One very good possibility is that I couldn't find a time when I could retrigger green because they don't much like the m1.medium AWS instances that we switched back to recently, and were one of the few things that were happier on the m3.mediums.

At any rate, even though it's hard to see them as one thing while they are happening, as an overall pattern it's clear: we time out in two datastore tests, fail with "Error callback invoked" in a bunch more, then time out in tests_downloads_basic.html and tests_downloads_large.html (or more rarely, for variety, time out in just one datastore test, and add in a third downloads test). Then, because the mochitest harness thinks that four timeouts means the run has gone to hell, we stop running any more tests, which means that the last 116 mochitests in mochitest-5 only get to run between 70% and 20% of the time, which even more than the pain in the ass constant starring means these either need to be fixed, or need to be disabled.

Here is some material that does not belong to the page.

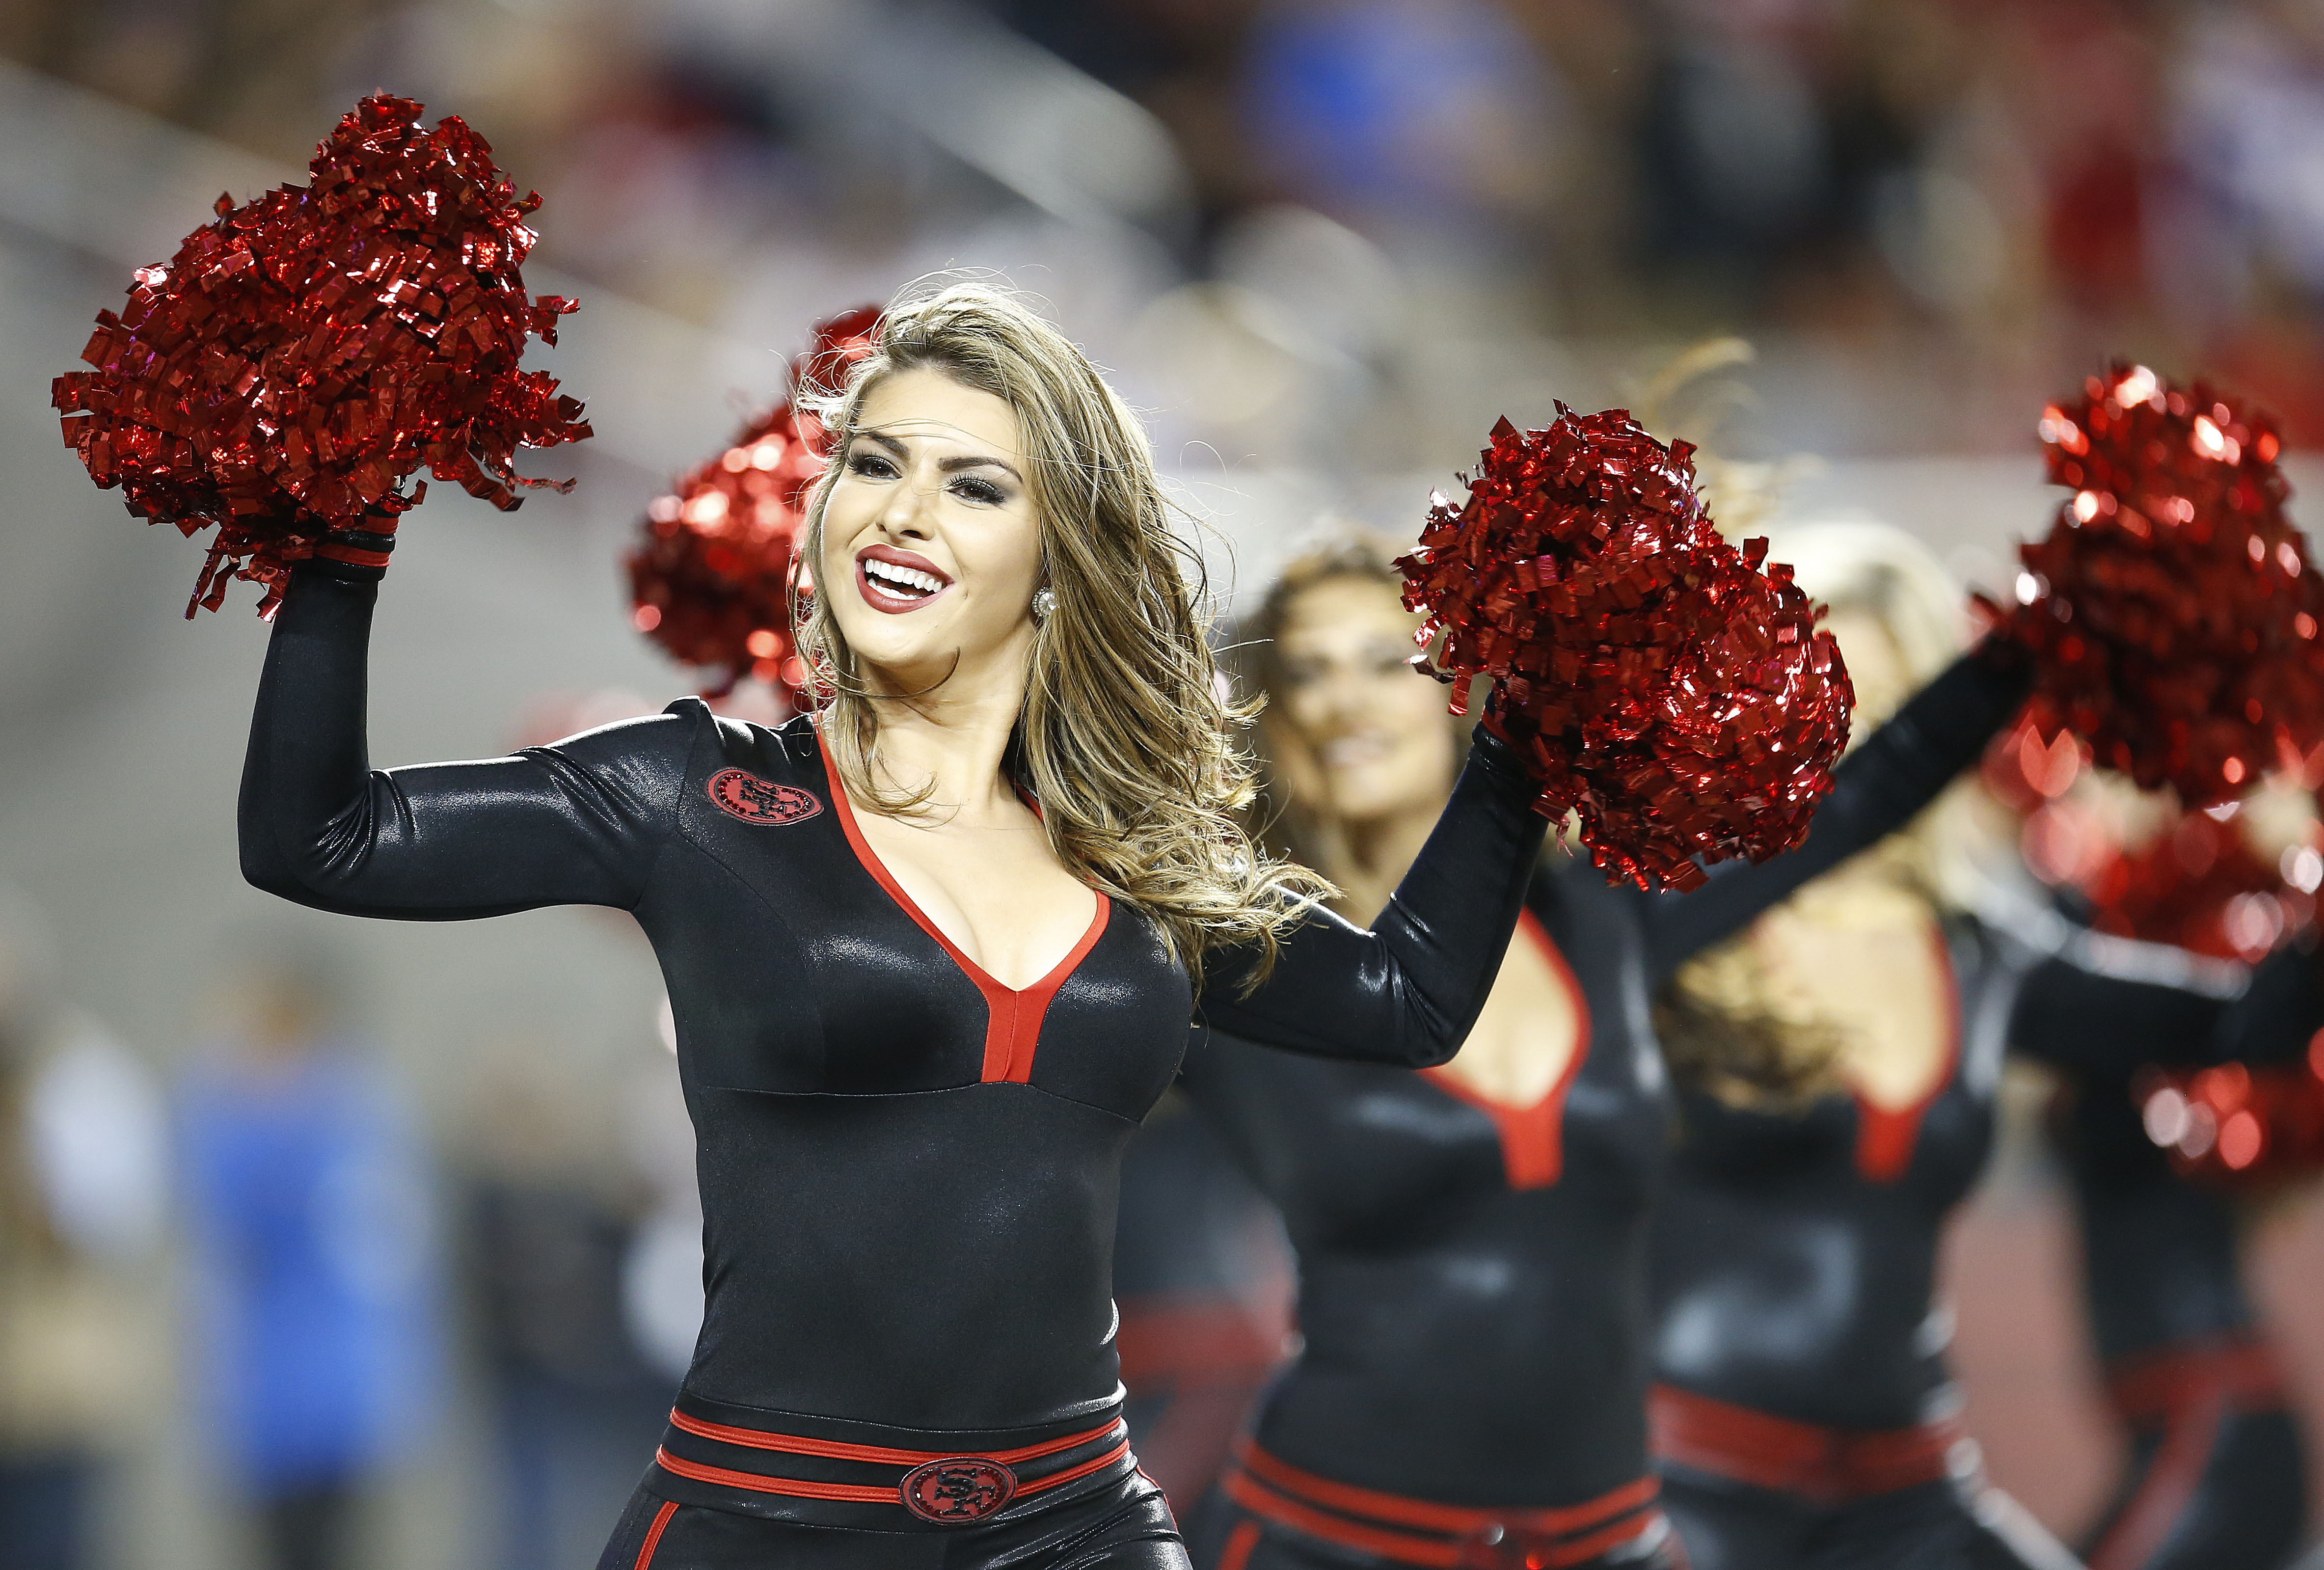 San Francisco 49ers cheerleaders perform during the first half of an NFL football game between the San Francisco 49ers and the Minnesota Vikings in Santa Clara, Calif., Monday, Sept. 14, 2015. (AP Photo/Tony Avelar)
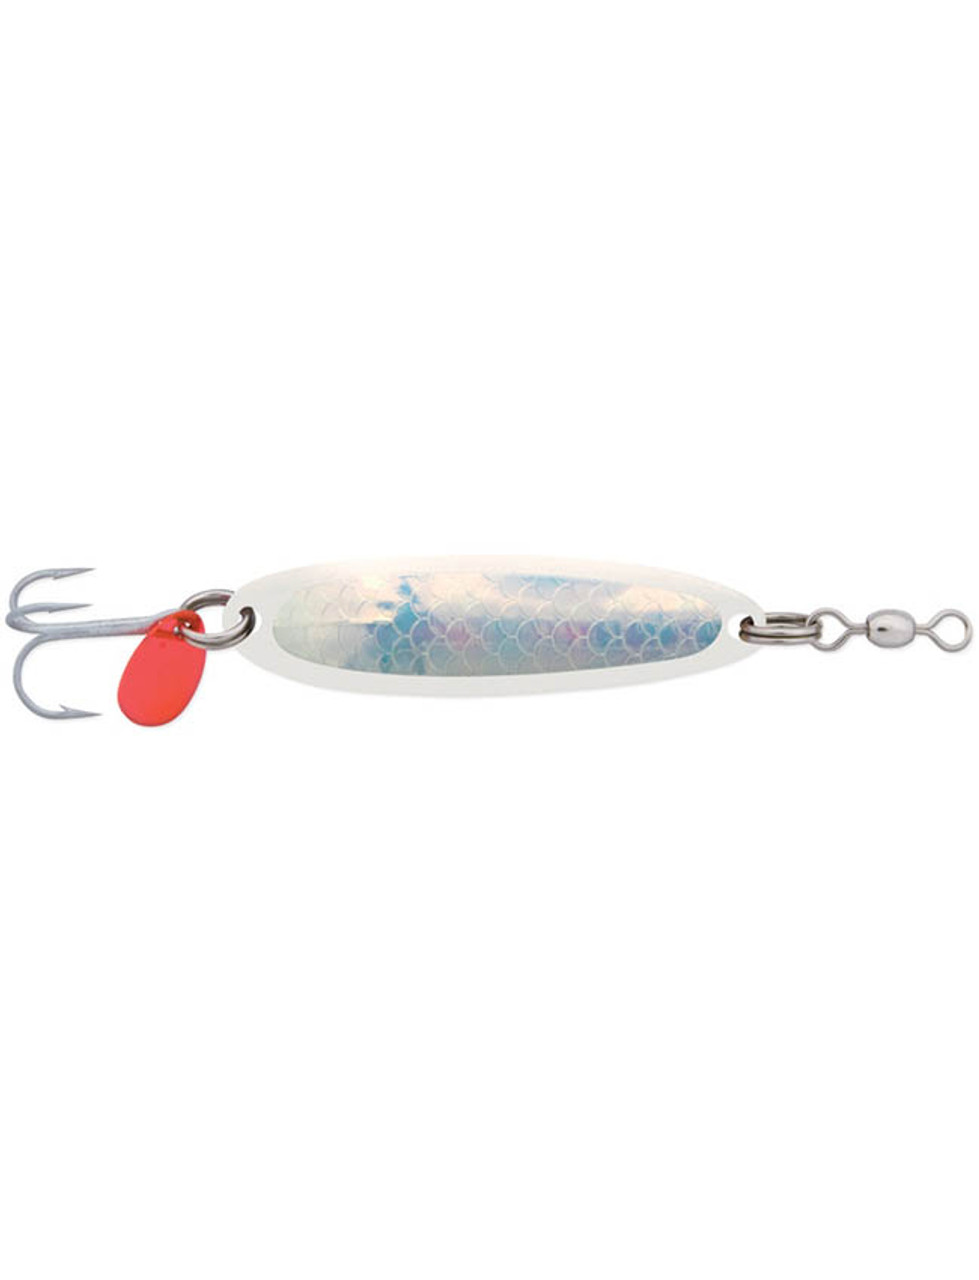 Luhr-Jensen Spoon-Casting Fishing Baits, Lures for sale

If uninstalling an app (which seems to be where they are when they time out) just takes a long time, it's possible that they are honest timeouts from tests that just take too long, and the "fix" (other than making uninstalling apps faster) is just to requestLongerTimeout(2) or (5) or (10).
(In reply to Phil Ringnalda (:philor) from comment #0)
> If uninstalling an app (which seems to be where they are when they time out)
> just takes a long time, it's possible that they are honest timeouts from
> tests that just take too long, and the "fix" (other than making uninstalling
> apps faster) is just to requestLongerTimeout(2) or (5) or (10).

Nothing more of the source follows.